YOUR TASK: In your copy of the data, include no pictures and alter nothing else.

PROVIDED MATERIAL:

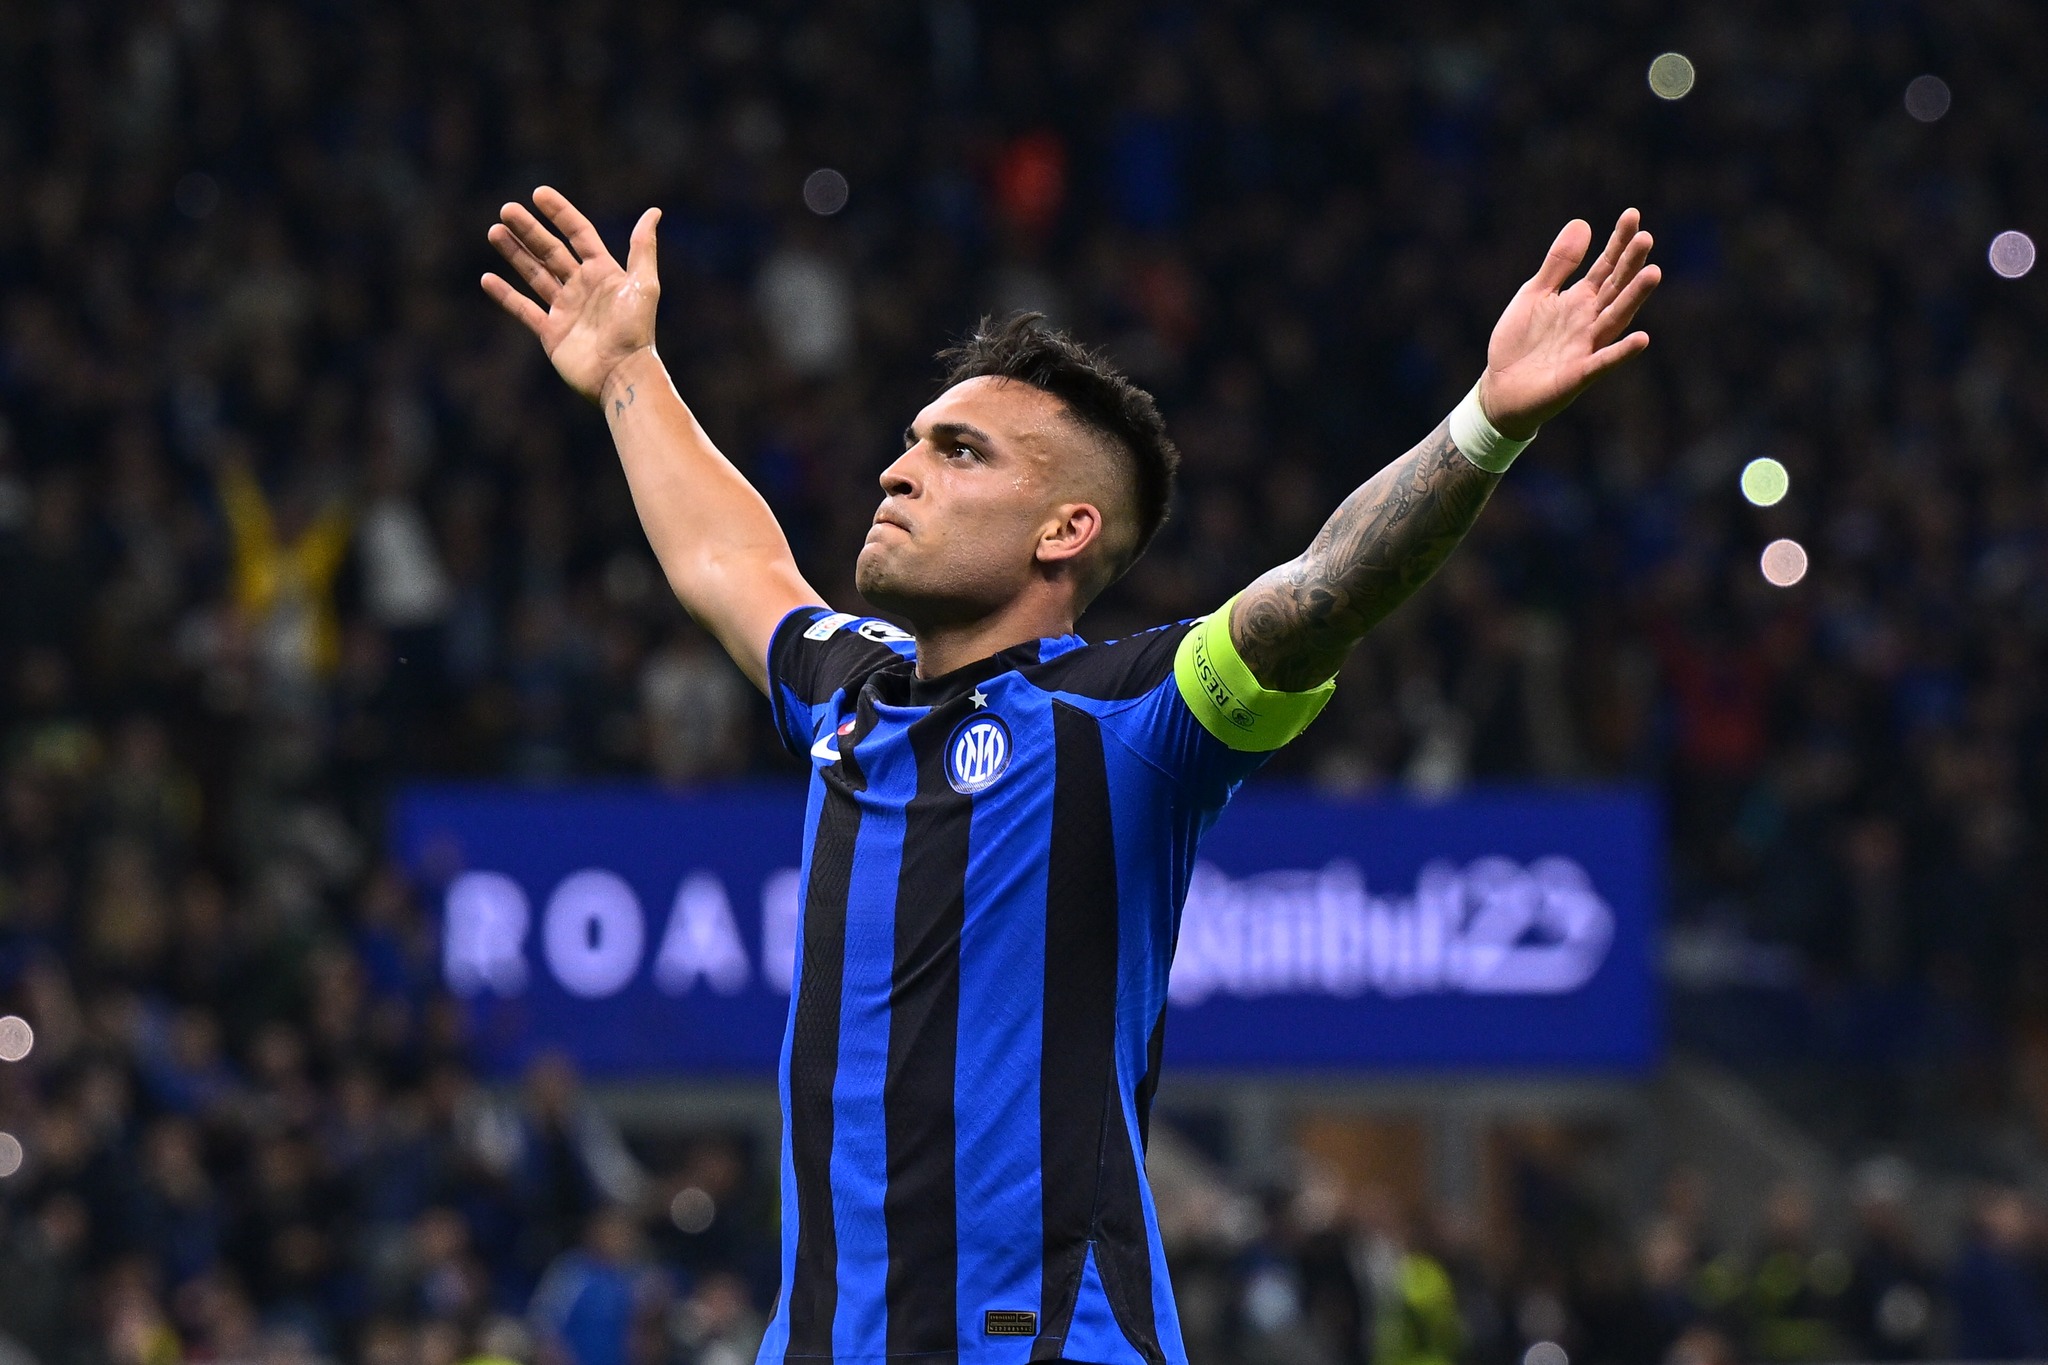 Inter vuelve a vencer al Milan y clasifica a la final de la Champions League luego de 13 años.
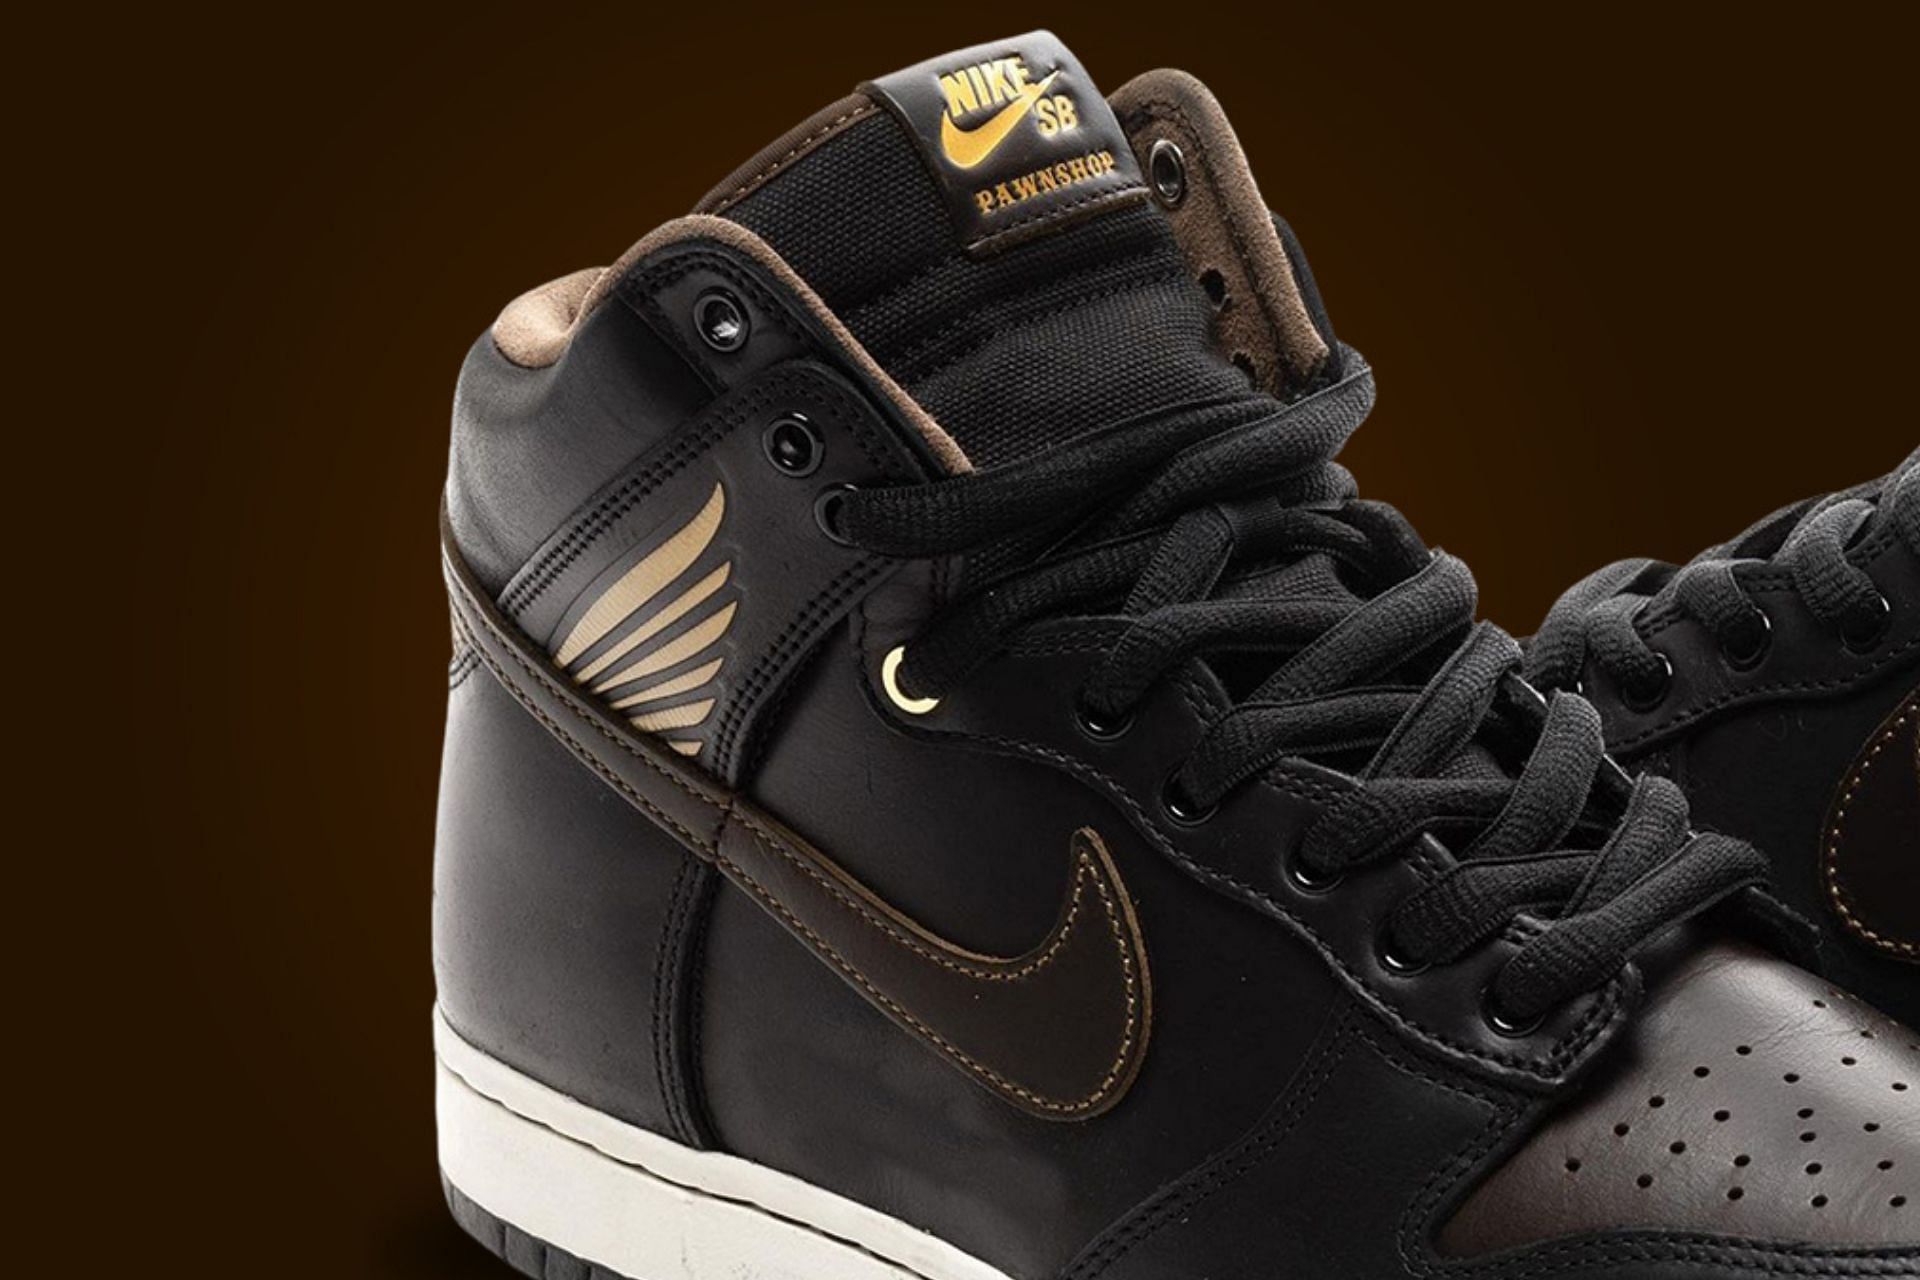 Pawnshop Skate Co. x Nike SB Dunk High shoes (Image via Instagram/@prvt.selection)
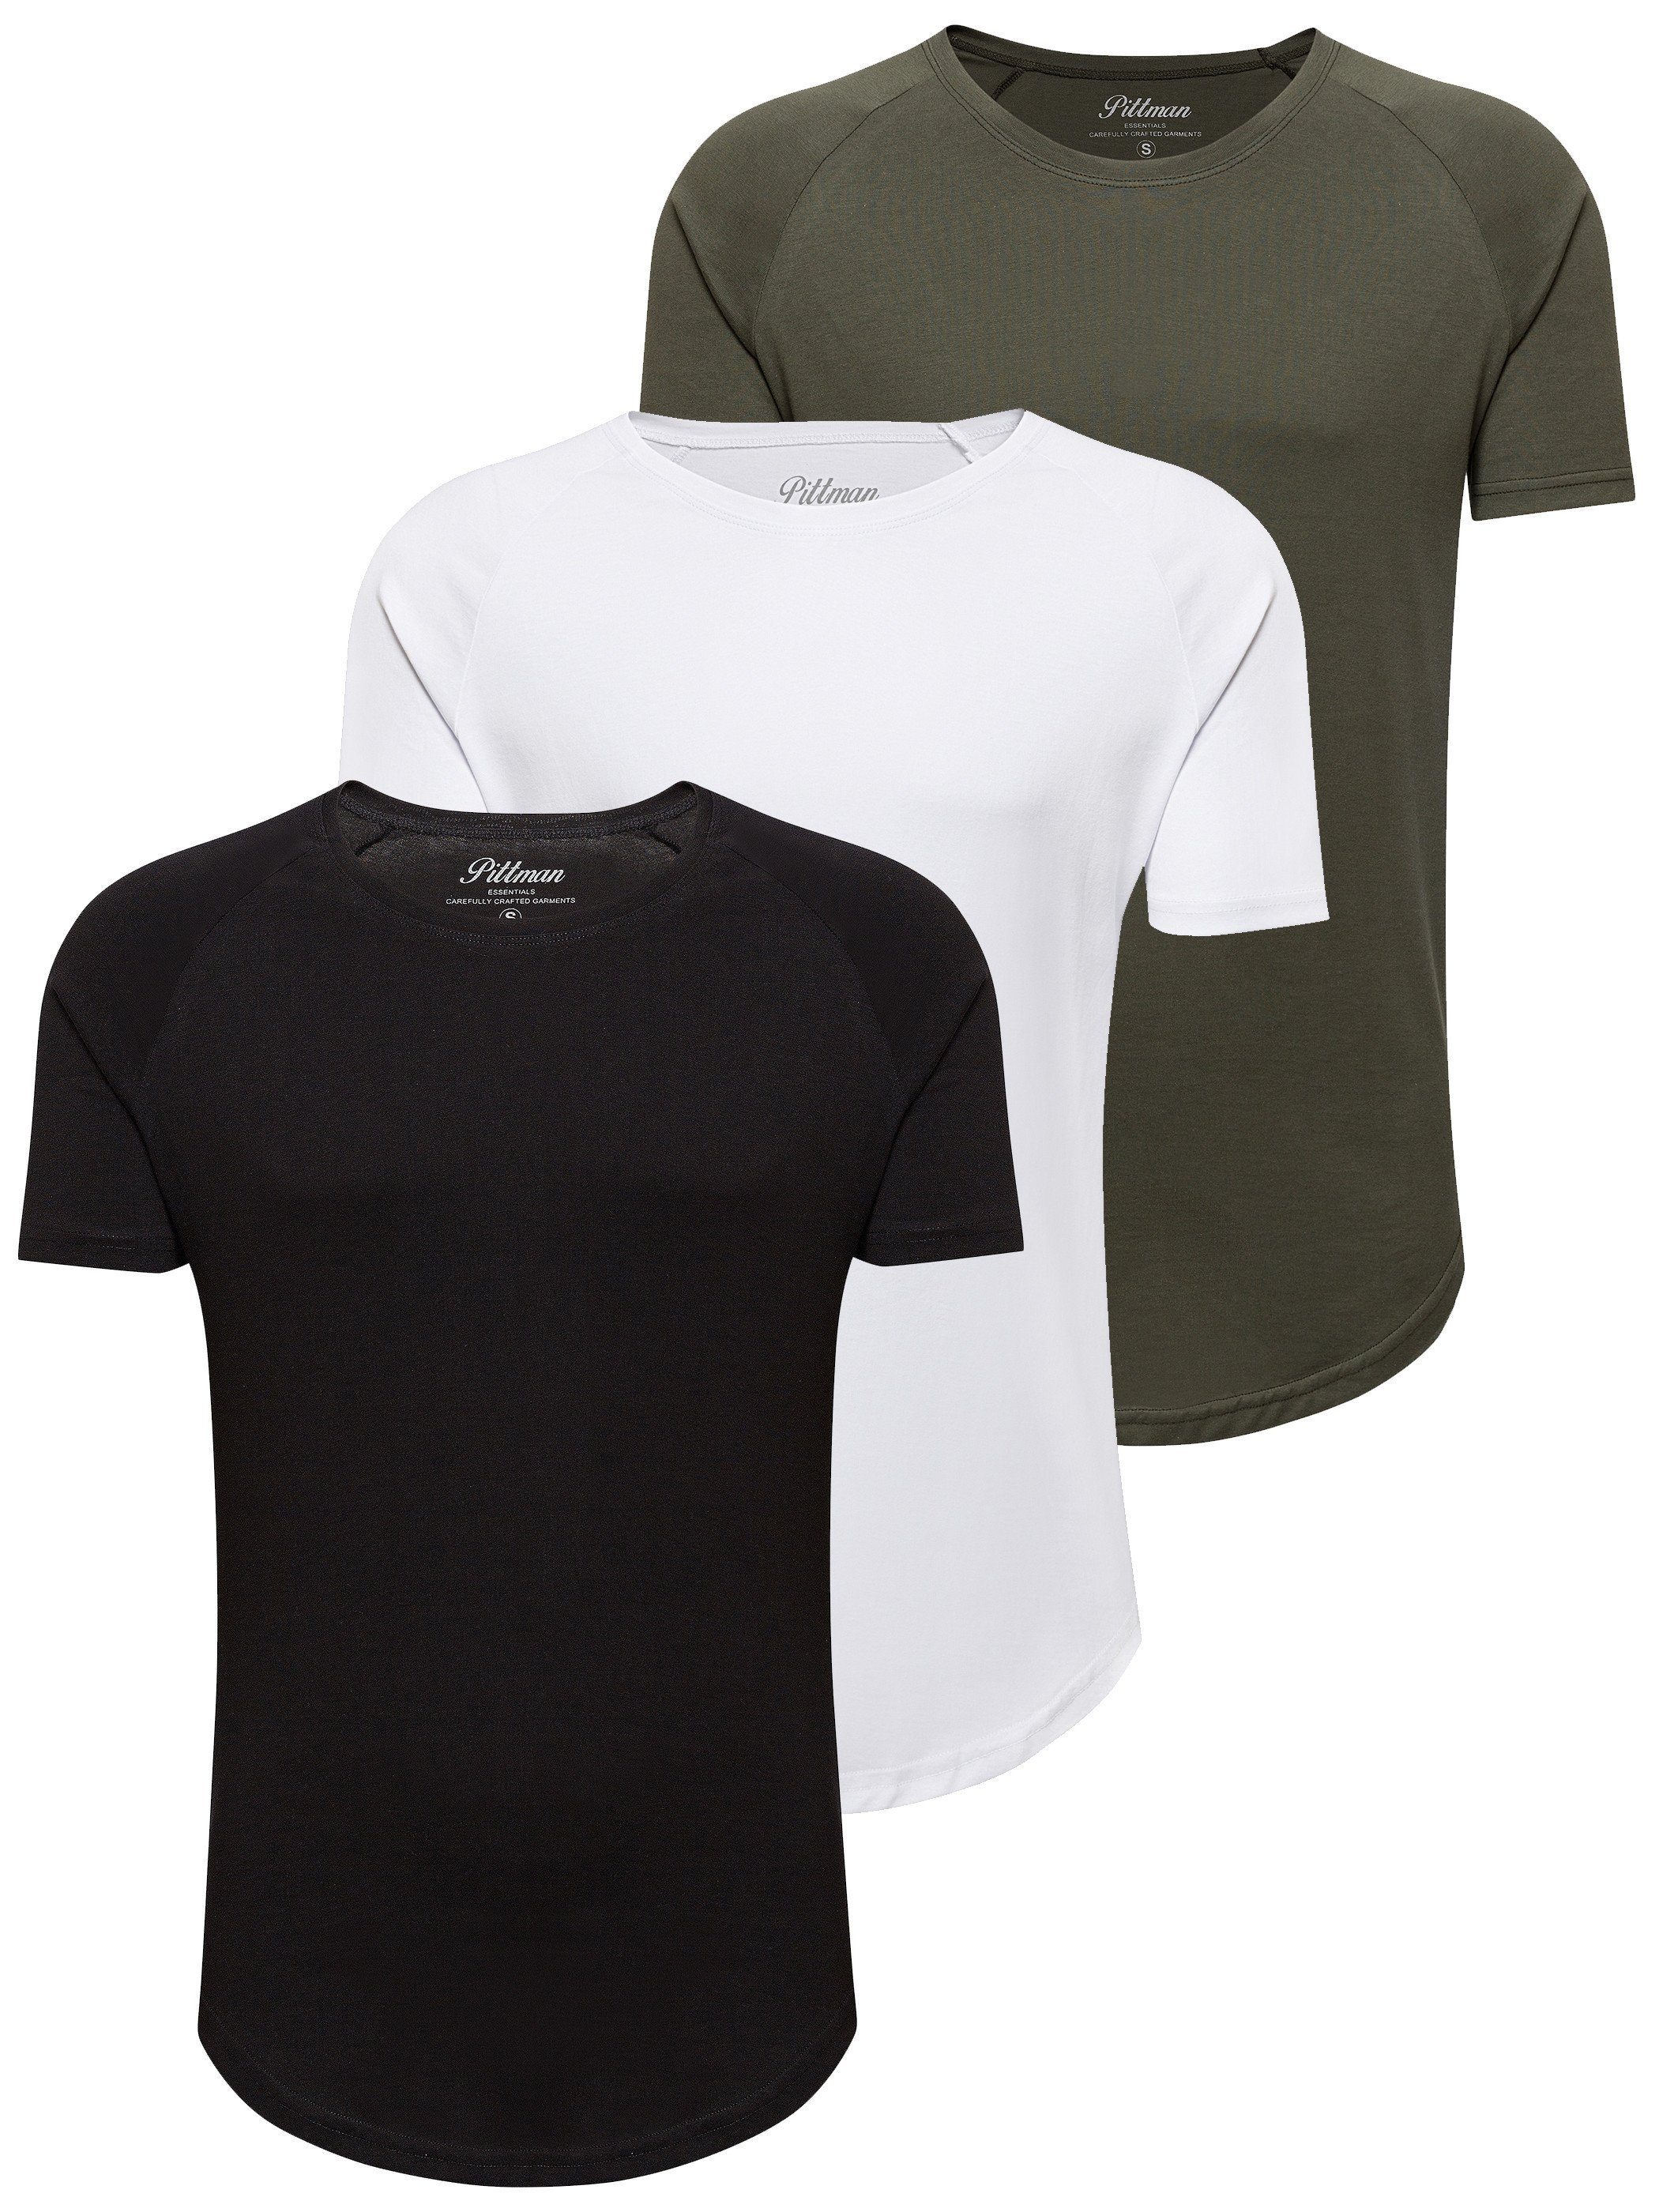 Pittman T-Shirt 3-Pack Herren T-Shirt Finn (Set, 3er-Pack) Oversize Rundhals T-Shirt schwarz-weiß-grün (Mix1)

EXERCISE OUTPUT:
 Inter vuelve a vencer al Milan y clasifica a la final de la Champions League luego de 13 años.
 Pawnshop Skate Co. x Nike SB Dunk High shoes (Image via Instagram/@prvt.selection)
 Pittman T-Shirt 3-Pack Herren T-Shirt Finn (Set, 3er-Pack) Oversize Rundhals T-Shirt schwarz-weiß-grün (Mix1)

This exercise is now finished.